- SUPPLIED RECORDS -
--
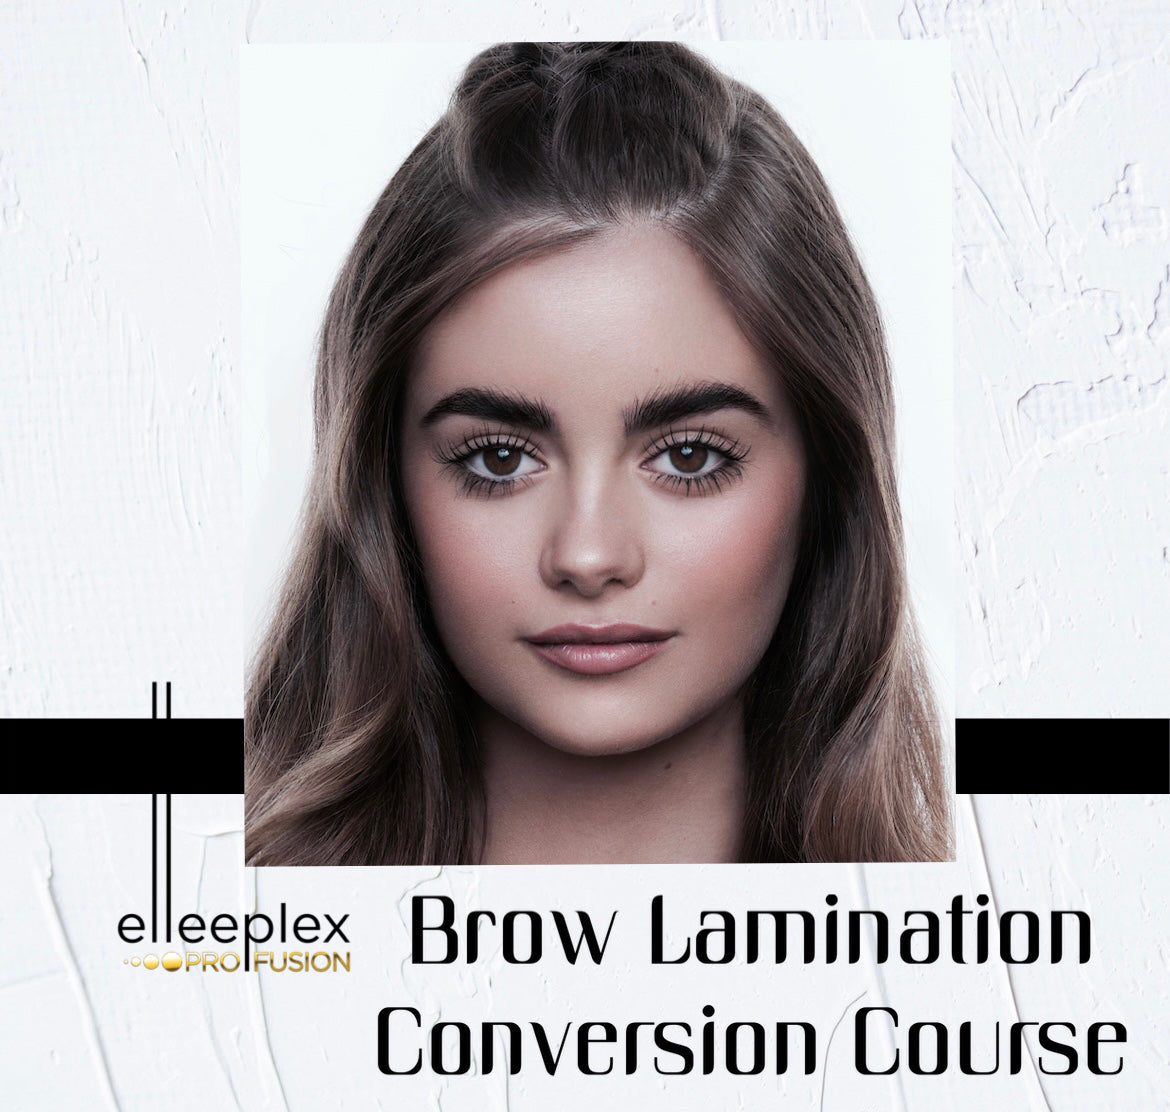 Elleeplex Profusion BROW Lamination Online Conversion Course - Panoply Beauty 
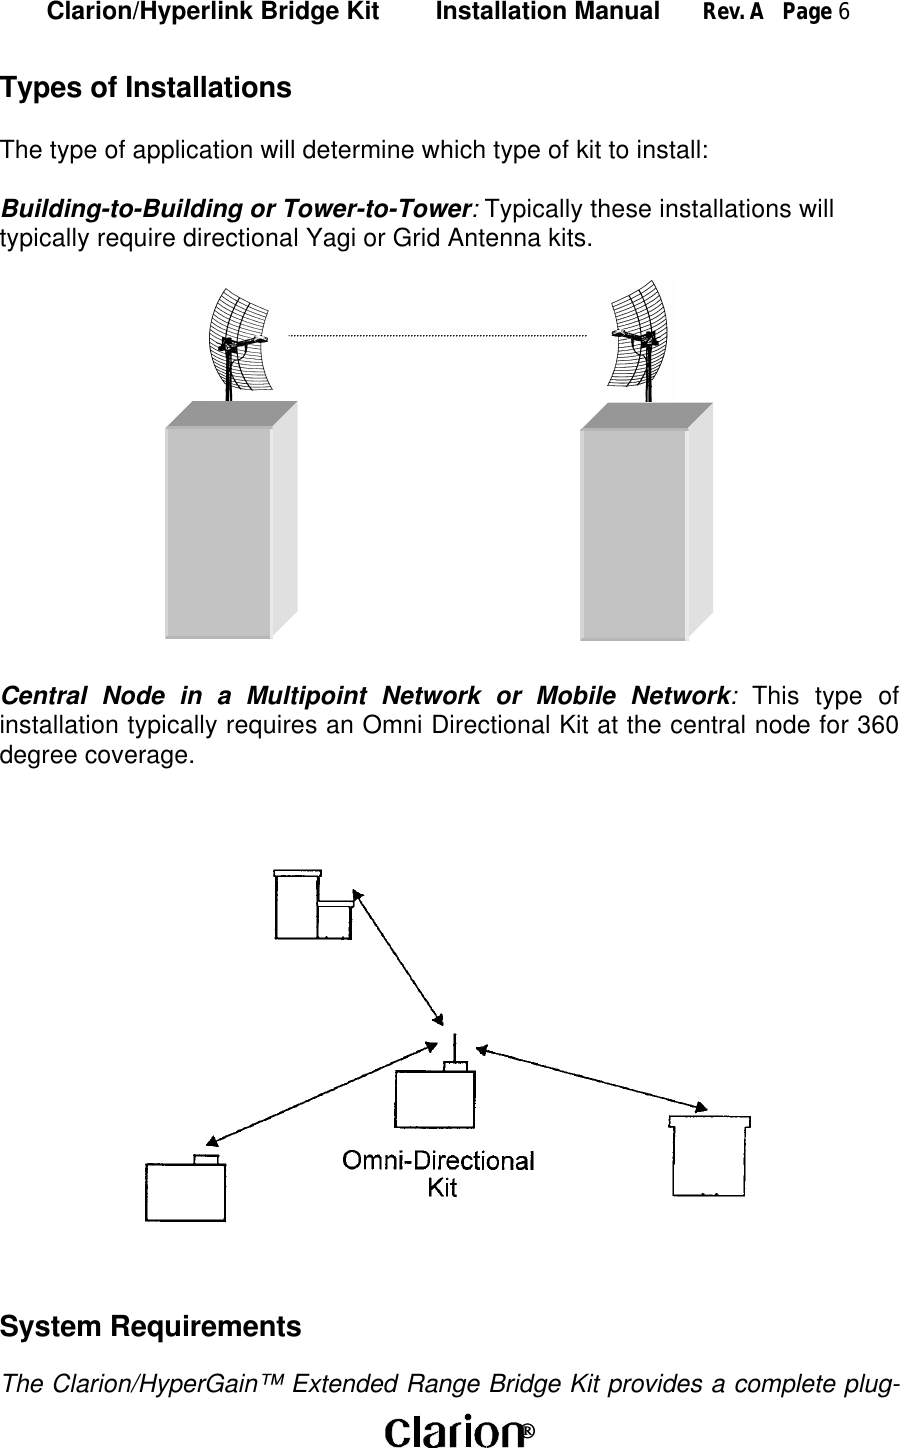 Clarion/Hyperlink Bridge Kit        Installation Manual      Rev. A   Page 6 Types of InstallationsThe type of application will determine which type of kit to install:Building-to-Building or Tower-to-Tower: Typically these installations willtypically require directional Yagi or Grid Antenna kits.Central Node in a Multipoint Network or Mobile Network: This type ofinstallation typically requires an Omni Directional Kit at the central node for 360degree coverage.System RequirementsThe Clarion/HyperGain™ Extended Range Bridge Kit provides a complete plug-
--
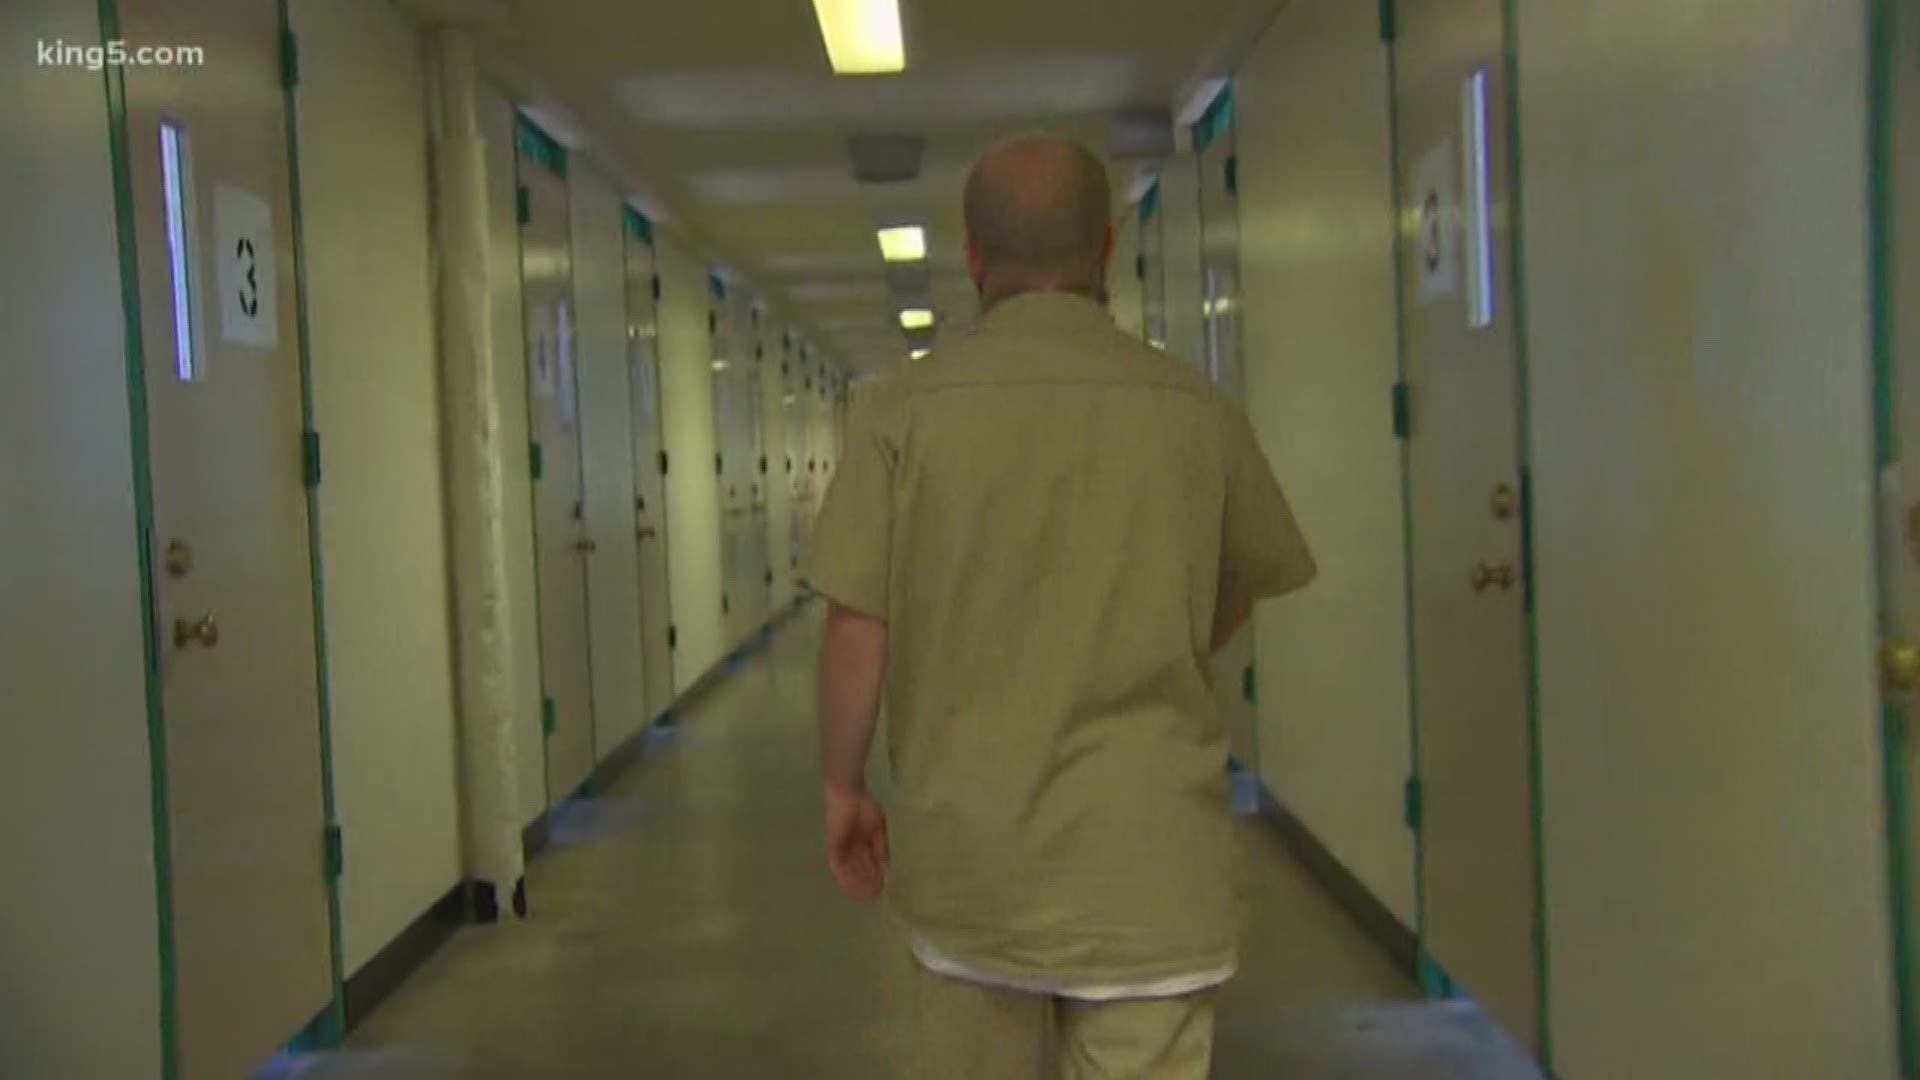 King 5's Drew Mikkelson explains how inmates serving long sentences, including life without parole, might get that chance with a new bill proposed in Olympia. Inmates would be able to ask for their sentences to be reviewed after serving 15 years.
--
- WHAT TO DO -
Set the pictures aside and reproduce exactly the lines above, from the line holding "Elleeplex Profusion BROW" through the line holding "Clarion/Hyperlink Bridge Kit", both included, with nothing else.

- ANSWER AREA -
 Elleeplex Profusion BROW Lamination Online Conversion Course - Panoply Beauty 
 Clarion/Hyperlink Bridge Kit        Installation Manual      Rev. A   Page 6 Types of InstallationsThe type of application will determine which type of kit to install:Building-to-Building or Tower-to-Tower: Typically these installations willtypically require directional Yagi or Grid Antenna kits.Central Node in a Multipoint Network or Mobile Network: This type ofinstallation typically requires an Omni Directional Kit at the central node for 360degree coverage.System RequirementsThe Clarion/HyperGain™ Extended Range Bridge Kit provides a complete plug-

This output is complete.